糖尿病でのHbA1c値,高血圧症での血圧値,脂質異常症でのLDL-コレステロール値がその代表例である。また,炎症性疾患である関節リウマチでも,DAS(disease activity score)という疾患活動性指標を用いたtreat-to-targetが導入されている。これらの治療目標は,疾患による長期合併症を改善するという,エビデンスに基づいて設定されているところが,重要な点である。
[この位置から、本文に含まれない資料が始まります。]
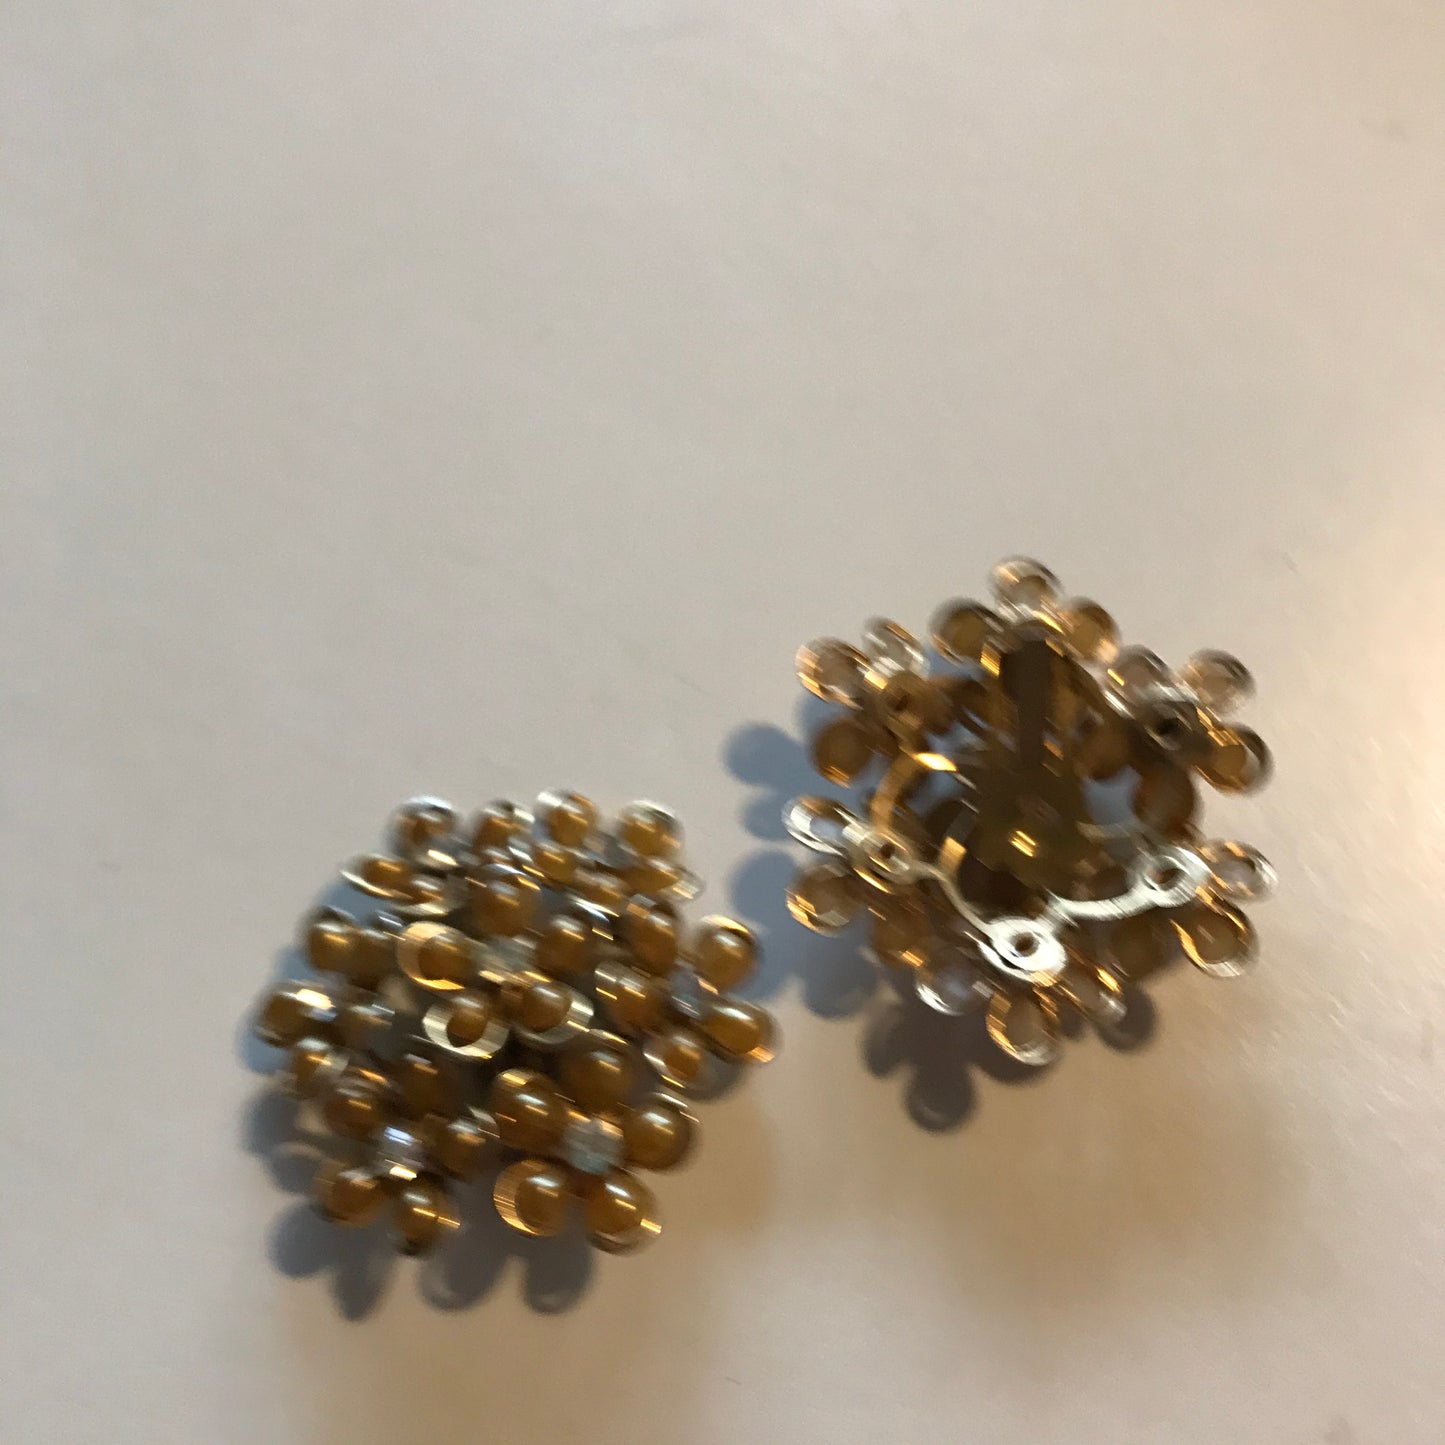 Golden Celluloid and Rhinestone Flower Clip Earrings circa 1950s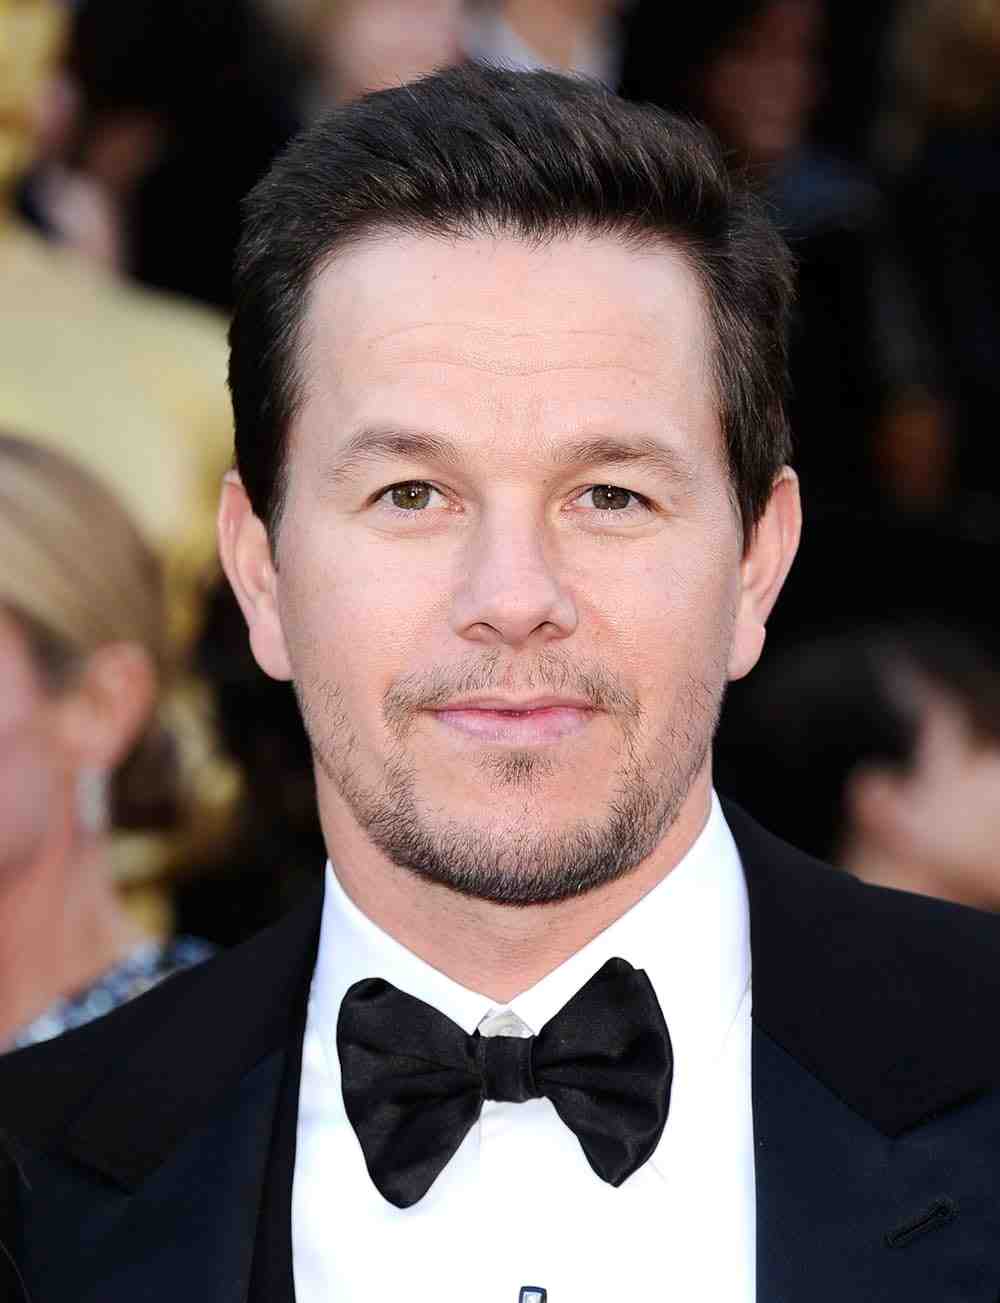 Did Mark Wahlberg bare it all in 'The Family Plan'? Dive into the pop-culture mystery that's got everyone questioning: "Mark Wahlberg nude" or not? This debate rages on.

一方で,炎症性腸疾患では長らく症状の緩和が治療目標であった。しかし,症状緩和のみでは,長期予後を変えることができないことが明らかになってきた。現在では,内視鏡的に炎症のない状態である「粘膜治癒」を達成することで,病気の自然史を変えることができるのではないか,と考えられている。しかし,内視鏡は侵襲的な検査であり,頻回に施行することができない。そのため,炎症性腸疾患の治療目標として,日常臨床で使いやすい指標を開発するための動きが始まっている(文献1)。
まだ具体的な指標が提唱されているわけではないが,近い将来,treat-to-targetが導入されることは間違いない。

【文献】


1) Peyrin-Biroulet L, et al:Am J Gastroenterol. 2015;110(9):1324-38.